··· ENTRIES SUPPLIED ···

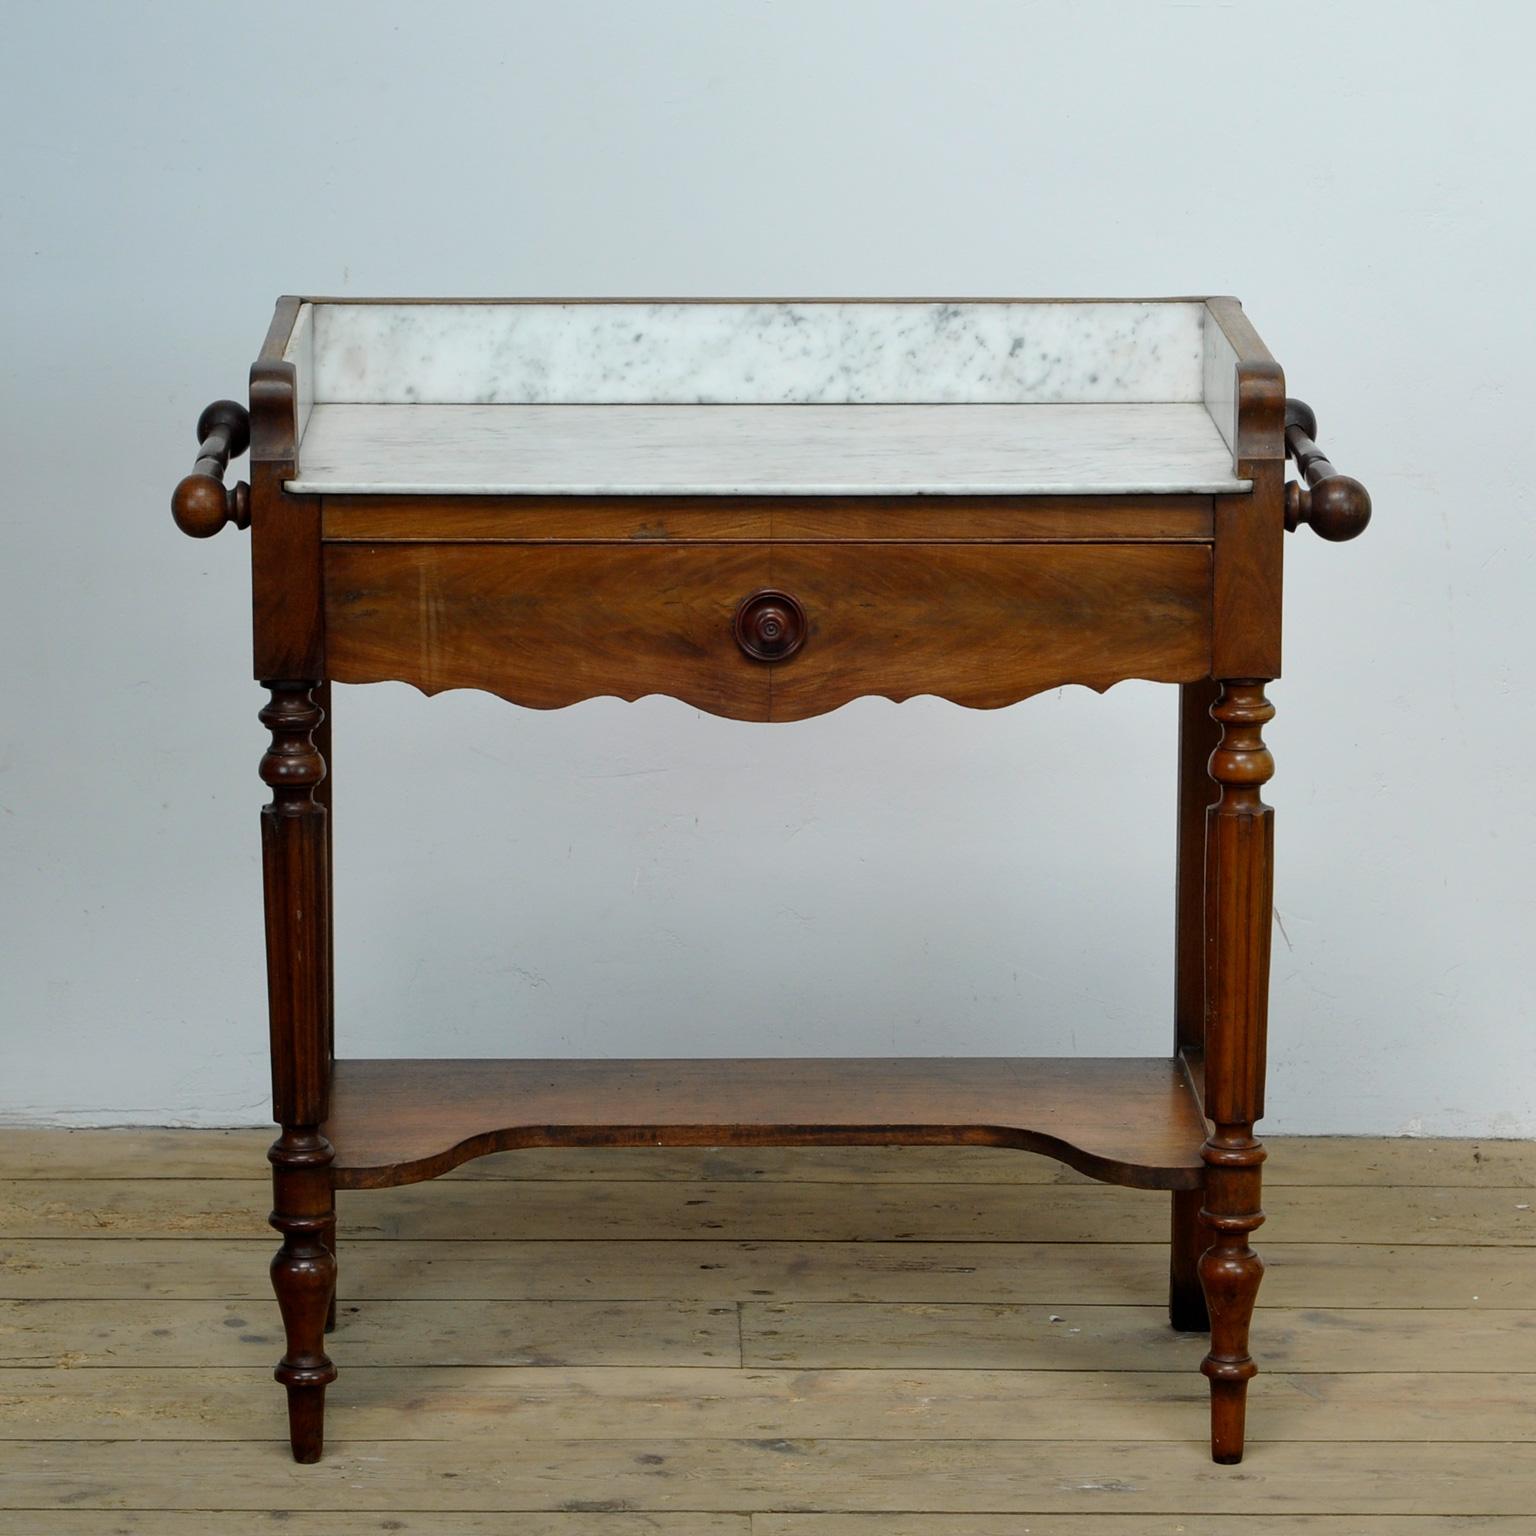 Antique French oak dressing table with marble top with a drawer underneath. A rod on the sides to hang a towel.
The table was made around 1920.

···
··· ENTRIES SUPPLIED ···

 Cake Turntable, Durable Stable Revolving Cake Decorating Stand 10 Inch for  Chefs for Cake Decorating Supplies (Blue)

···
··· ENTRIES SUPPLIED ···

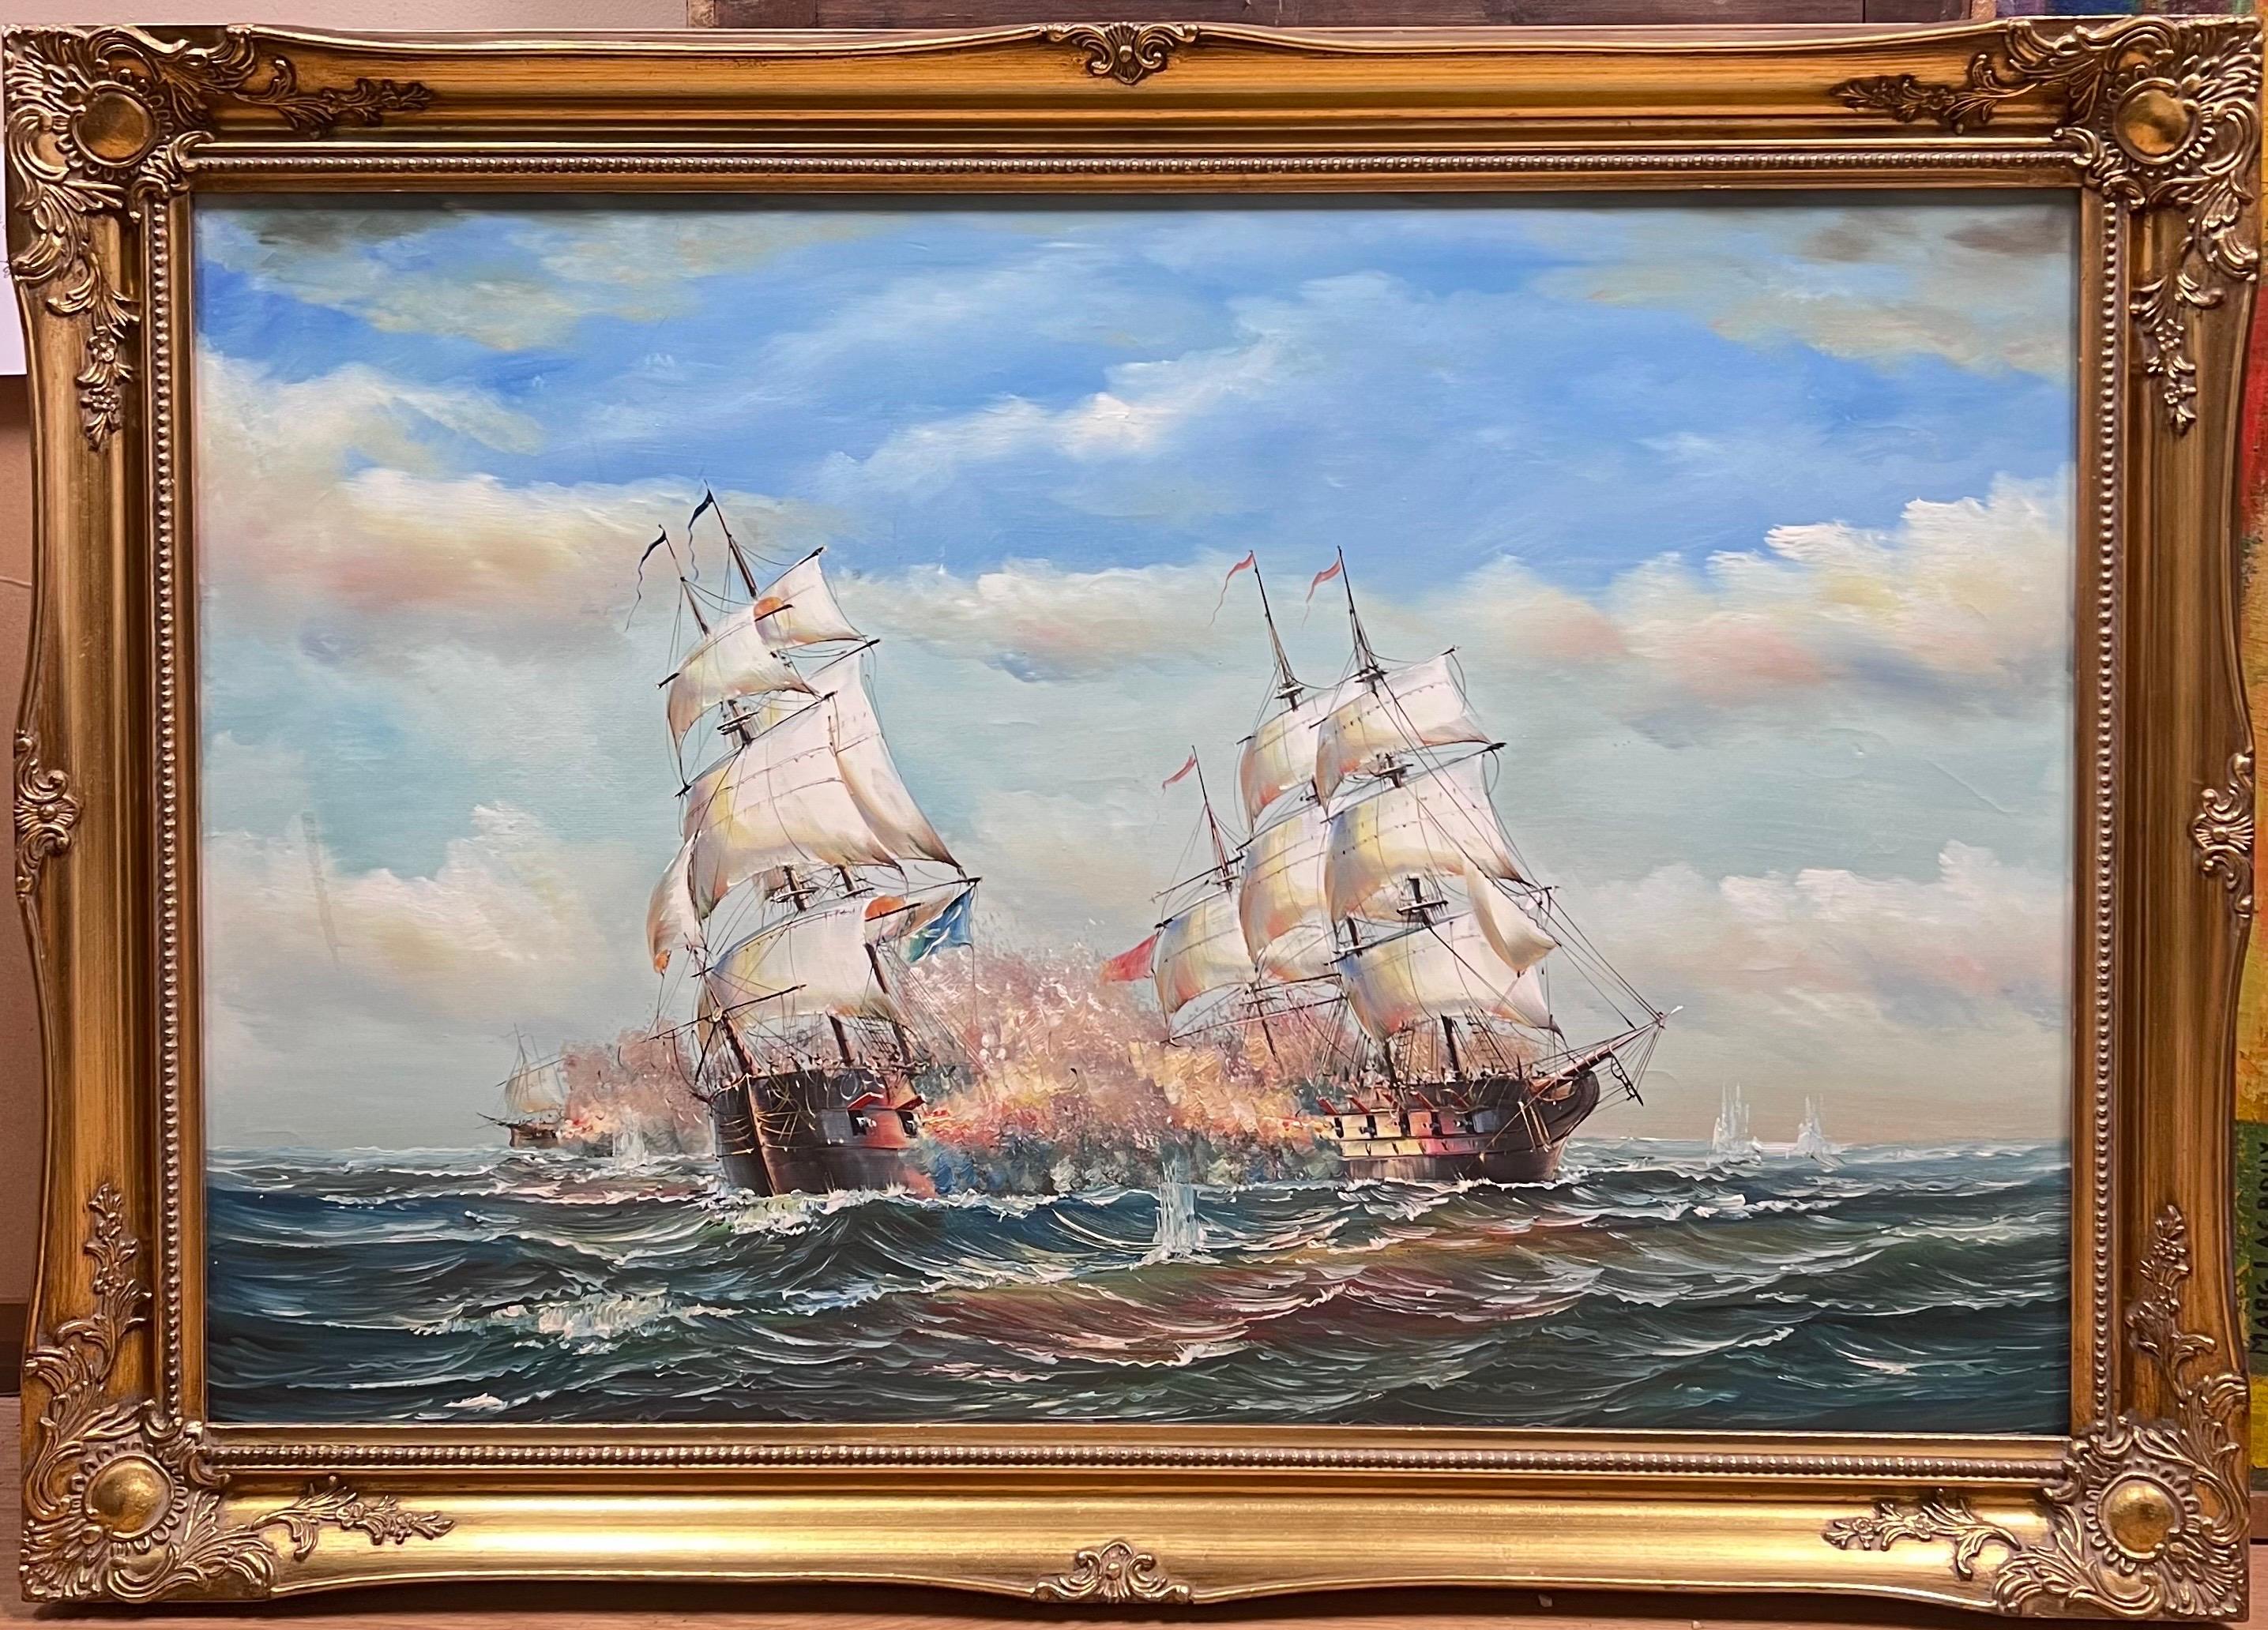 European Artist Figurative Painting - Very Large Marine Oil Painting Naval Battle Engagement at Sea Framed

···

** THE PROBLEM **
In the records above, find the line with "Antique French oak". Print exactly from there through the line with "The table was made around 1920.", minus the pictures.

** ANSWER BOX **
 Antique French oak dressing table with marble top with a drawer underneath. A rod on the sides to hang a towel.
The table was made around 1920.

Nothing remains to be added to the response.